Predigt mit Lesung aus der Geschichte Gollhofen von 1630 bis 1667
Leben und Glauben während des Dreißigjährigen Kriegs

Liebe Gemeinde,

der Blick in die Geschichte unserer Kirchengemeinde führt uns heute ins Jahr 1630. Der dreißigjährige Krieg ist tritt durch die Beteiligung Schwedens unter Gustav Adolf in eine neue Phase.

Kirchlich kann man auf 100 Jahre evangelisches Bekenntnis zurückblicken, viele konfessionelle Streitigkeiten sind ausgestanden. Für die evangelischen Christen gerät gelebte Frömmigkeit immer mehr in den Blick. Der Liederdichter Paul Gerhardt lebte in dieser Zeit. Christliche Erbauungsbücher finden großen Absatz.

Vielleicht hat dies Bewegung zur mystischen Frömmigkeit auch mit dem Bewusstsein der steten Gefährdung durch den Krieg zu tun – aber genau wissen wir das nicht.

Blicken wir nun nach Gollhofen, was in diesen Jahren geschah.

 

1630

Gollhofen ist verpflichtet, große Mengen Lebenmittel an die im Krieg stehenden kaiserlichen Truppen abzuliefern, die ihr Hauptquartier in Ippesheim aufgeschlagen haben. Zugleich gibt es immer wieder nächtliche Raubzüge von kroatischen Söldnern. Einmal haben sie sogar den Schulmeister als Geisel verschleppt, der auf Kosten der Kirchengemeinde wieder zurückgeholt werden konnte. Pfarrer ist in dieser Zeit Johann Schopf, ein gebürtiger Sommerhäuser.

1631

In einer Notiz findet man den Hinweis, das zu dieser Zeit im Dorf eine öffentliche Rathausuhr existierte, die der Gemeindeknecht zu stellen hatte. Eine Kirchturmuhr gab es zu dieser Zeit noch nicht.

In den Beerdigungsbüchern sind für dieses Jahr drei Morde verzeichnet, die von kaiserlichen Soldaten an unschuldigen Gollhöfern verübt wurden. Darunter eine Hausfrau, die aus dem obersten Stockwerk des Schulhauses gestürzt wurde und ein Mann der durch zwei Schüsse getötet wurde.

Wenig später besetzen die Schweden unser Dorf und versuchen am Rathausplatz junge Männer zum Eintritt in die Armee zu bewegen.
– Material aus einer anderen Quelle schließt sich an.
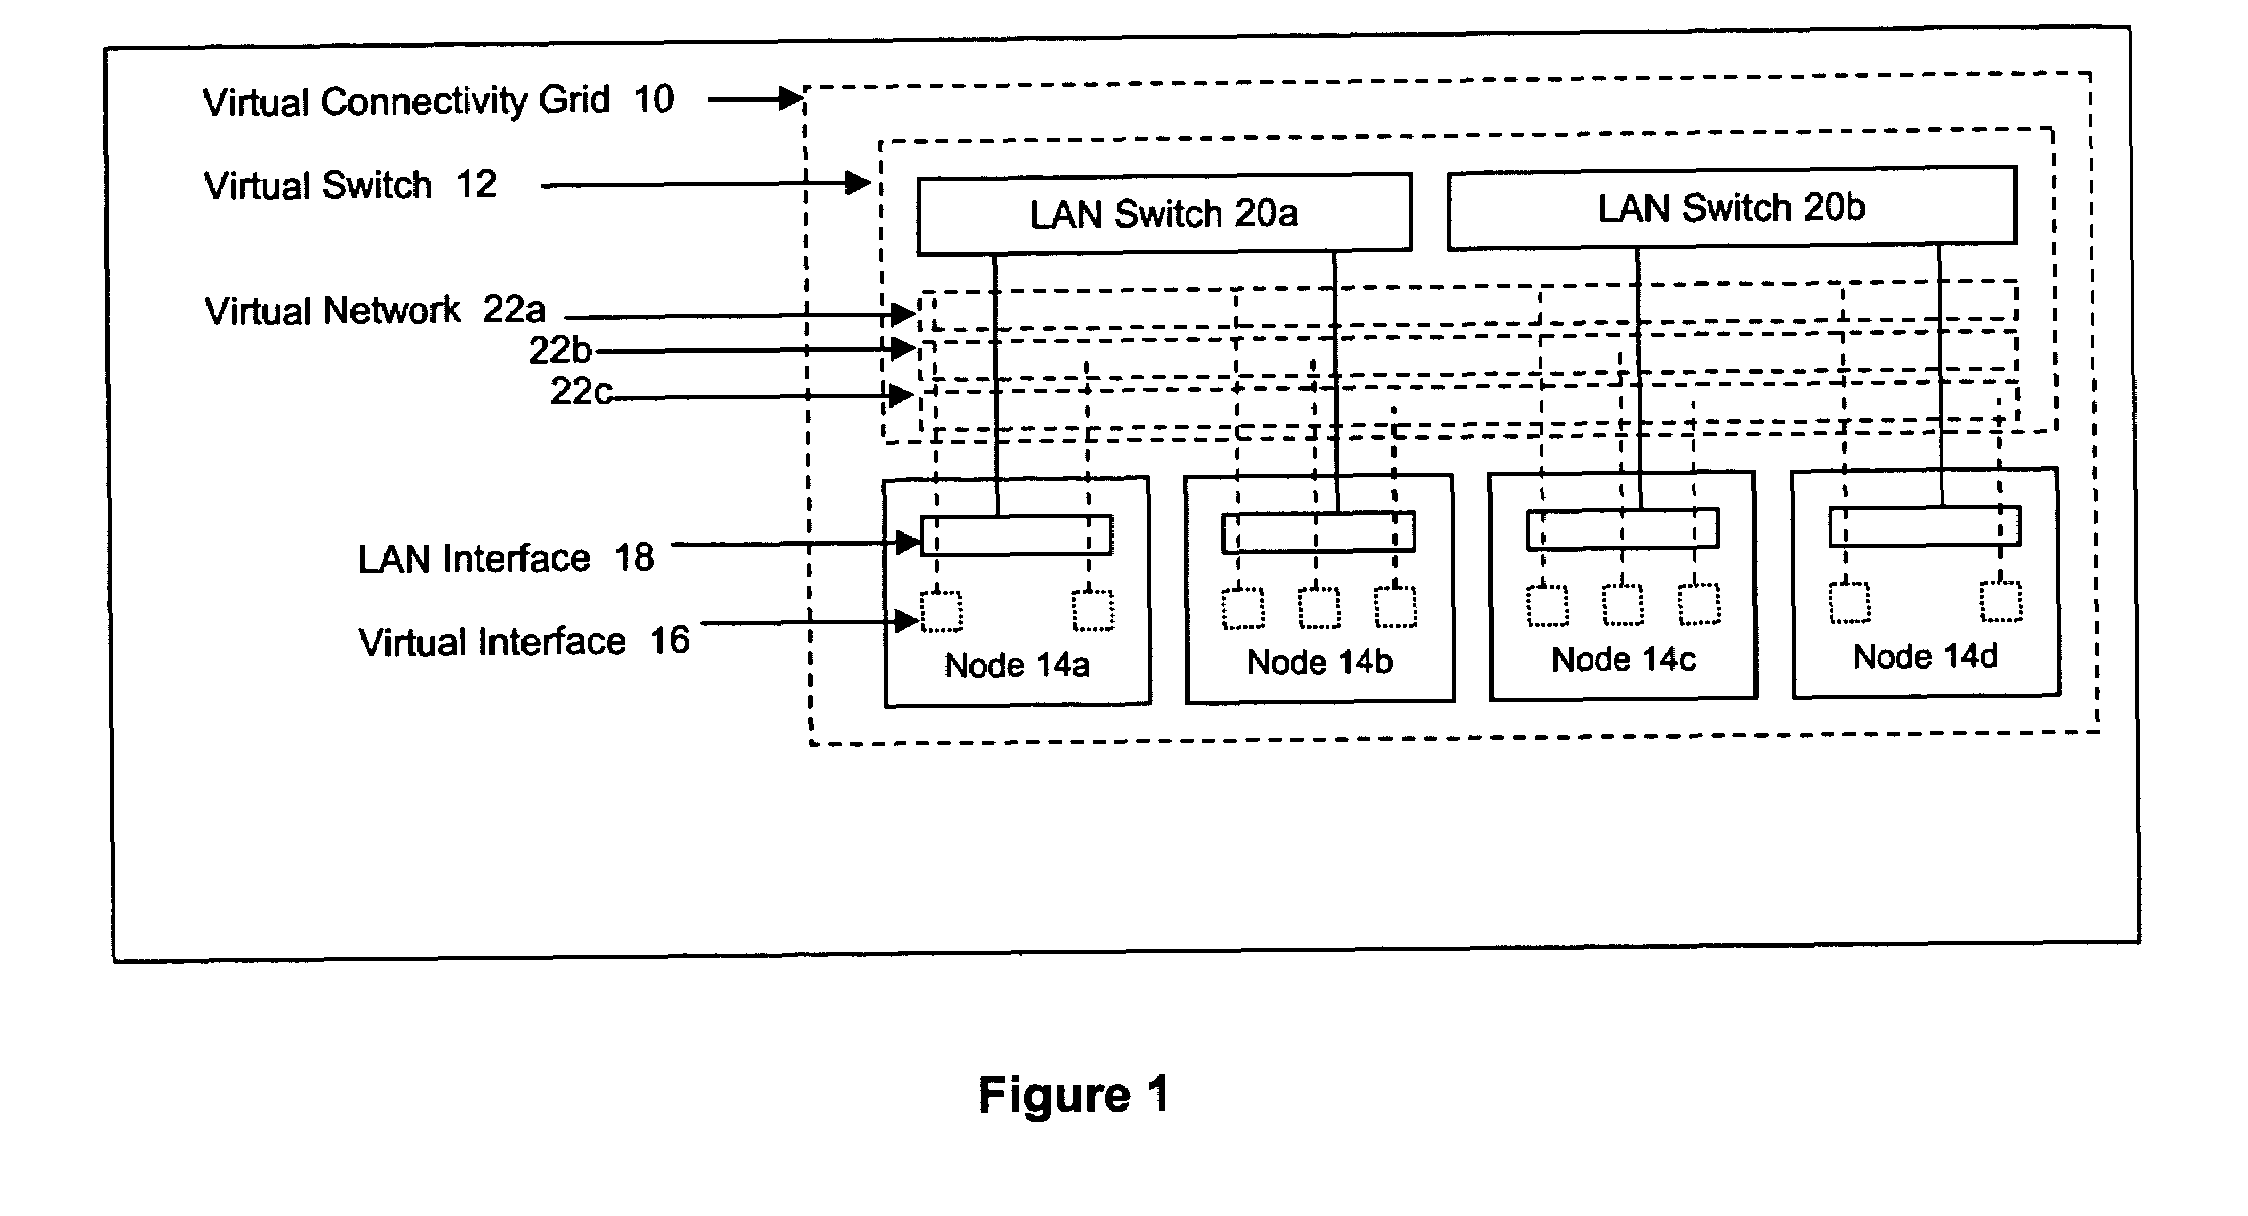 Method and apparatus for achieving dynamic capacity and high availability in multi-stage data networks using adaptive flow-based routing

Am 12. Dezember kommt es zum Gegenangriff der kaiserlichen Truppen. Sie plündern die im Rathaus gelagerten Vorräte der Schweden und zünden das Rathaus an. Dann verschanzen sie sich zeitweise im befestigten Kirchhof. Dort hatten Dorfbewohner auch Getreidevorräte und Vieh untergebracht. Als die Soldaten abziehen ist davon nichts mehr übrig.

1632

Erneut wurden die Gollhöfer angegriffen, diesmal von den Schweden. Die Bevölkerung hatte sich in den Kirchhof geflüchtet. Man hatte sogar versucht, mittels herabgeworfener Bienenkörbe die Angreifer abzuwehren. Letztlich überwanden die Soldaten die Kirchhofmauern mit Leitern und nahmen 36 Pferde als Beute mit, so dass die Gollhöfer kein Einspannvieh mehr hatten

Im gleichen Jahr wütete in Gollhofen die Pest. So starben allein in diesem Jahr 64 Einwohner an der Seuche. Auch Pfarrer Schopf wird 50-jährig von ihr dahingerafft. Er wird von seinem Nachfolger Johann Caspar Gundermann beerdigt.

 

In diesen Tagen ist auch Schwedenkönig Gustav Adolf durch Gollhofen gezogen. Im Novemer starb er bei der Schlacht von Lützen. daraufhin wurde angeordnet, dass es in allen Kirchen Trauer- und Bußansprachen geben solle. An drei aufeinanderfolgenden Wochen wurde jeweils Mittwoch vormittag und nachmittags ein Gottesdienst gehalten.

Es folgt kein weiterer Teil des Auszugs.